*Given data*.
++++++++++++++++++++
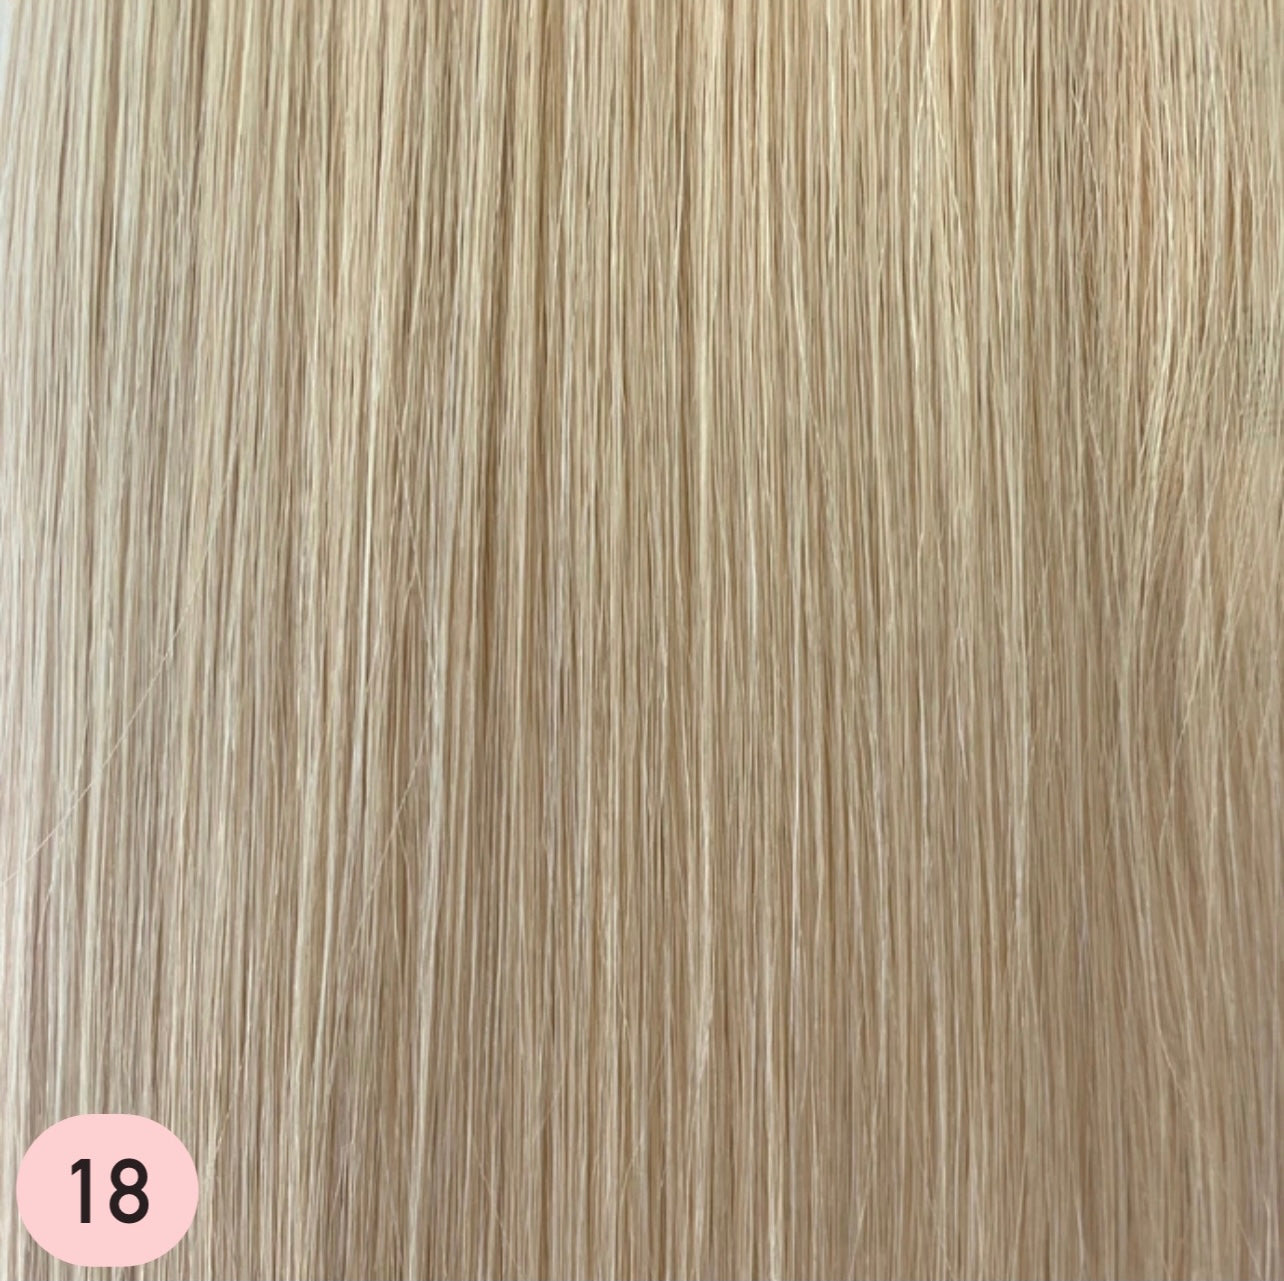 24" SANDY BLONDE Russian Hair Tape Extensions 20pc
++++++++++++++++++++
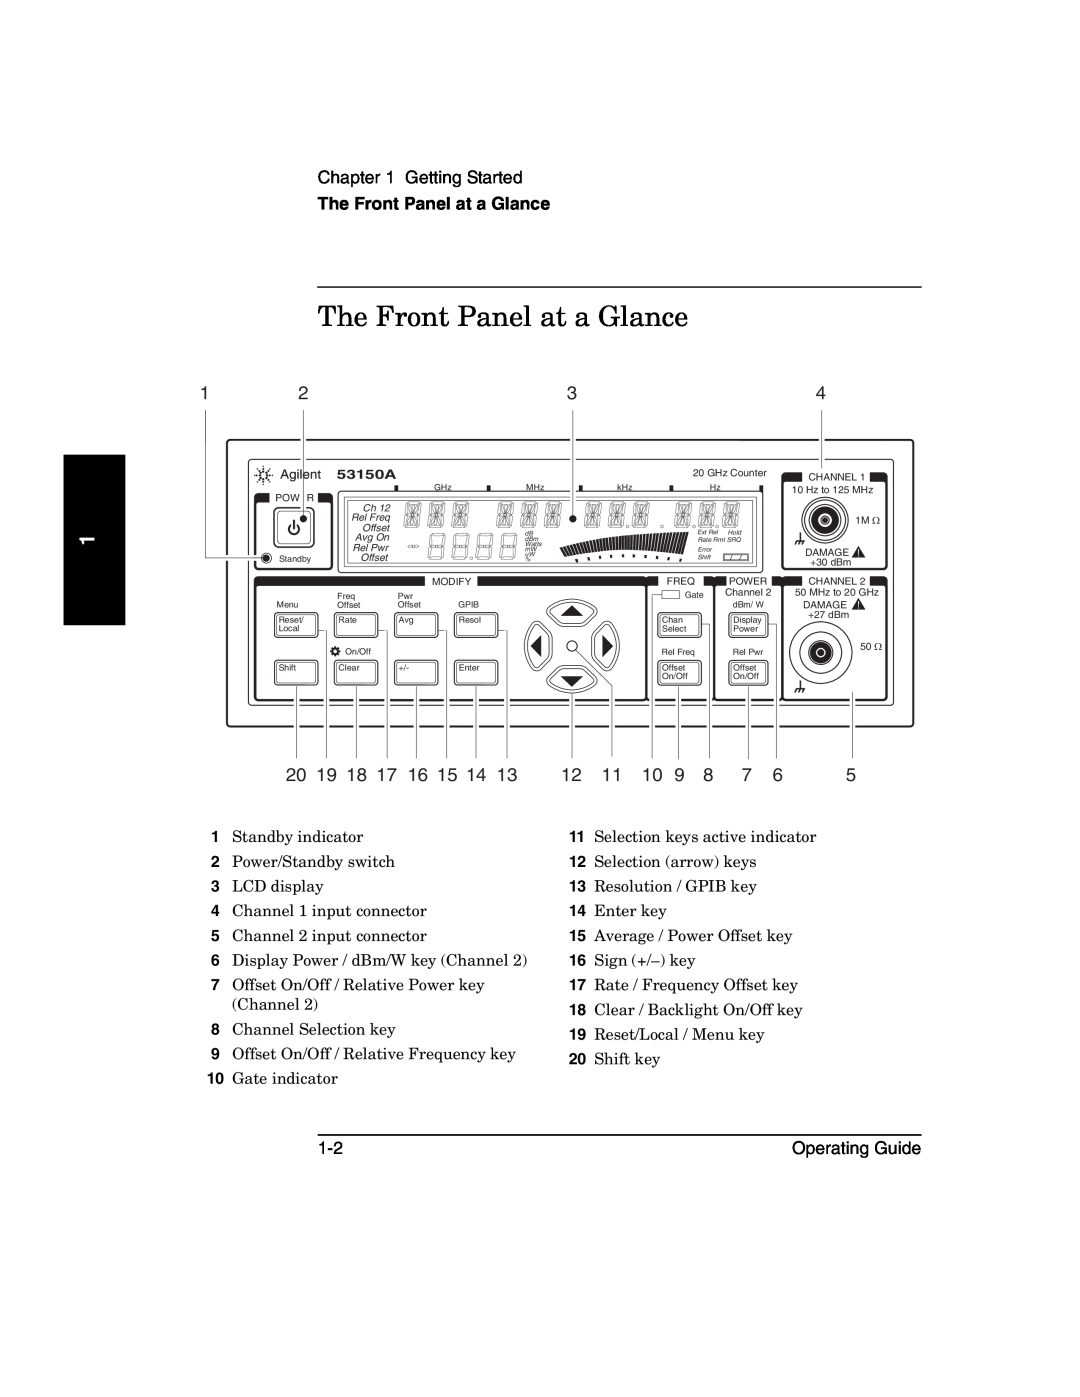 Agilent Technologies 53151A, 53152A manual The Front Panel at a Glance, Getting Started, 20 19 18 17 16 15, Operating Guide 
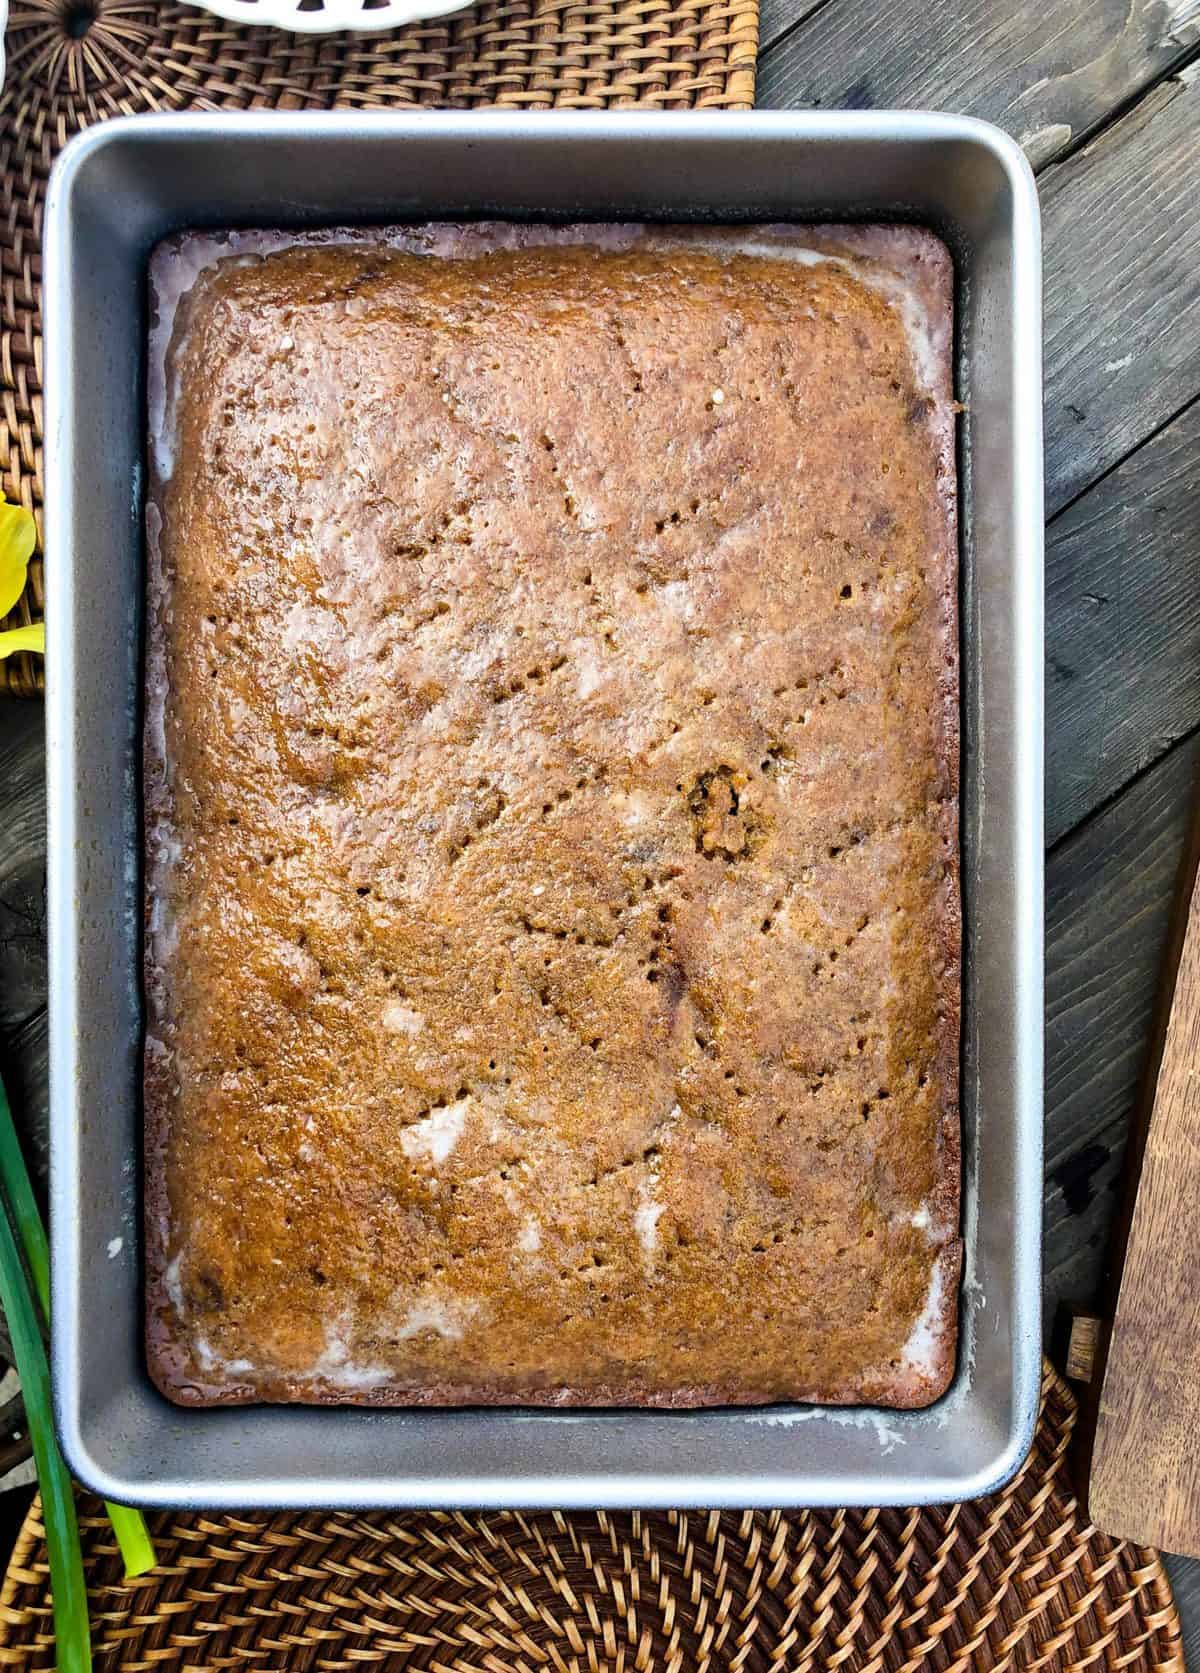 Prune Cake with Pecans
++++++++++++++++++++
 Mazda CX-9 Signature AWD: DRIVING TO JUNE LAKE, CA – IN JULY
++++++++++++++++++++
*Activity*.
In the entries above, find the line with "Agilent Technologies 53151A, 53152A" and the line with "Prune Cake with Pecans". Write out exactly those two lines and every line between them, pictures excluded.

*Answer below*.
 Agilent Technologies 53151A, 53152A manual The Front Panel at a Glance, Getting Started, 20 19 18 17 16 15, Operating Guide 
 Prune Cake with Pecans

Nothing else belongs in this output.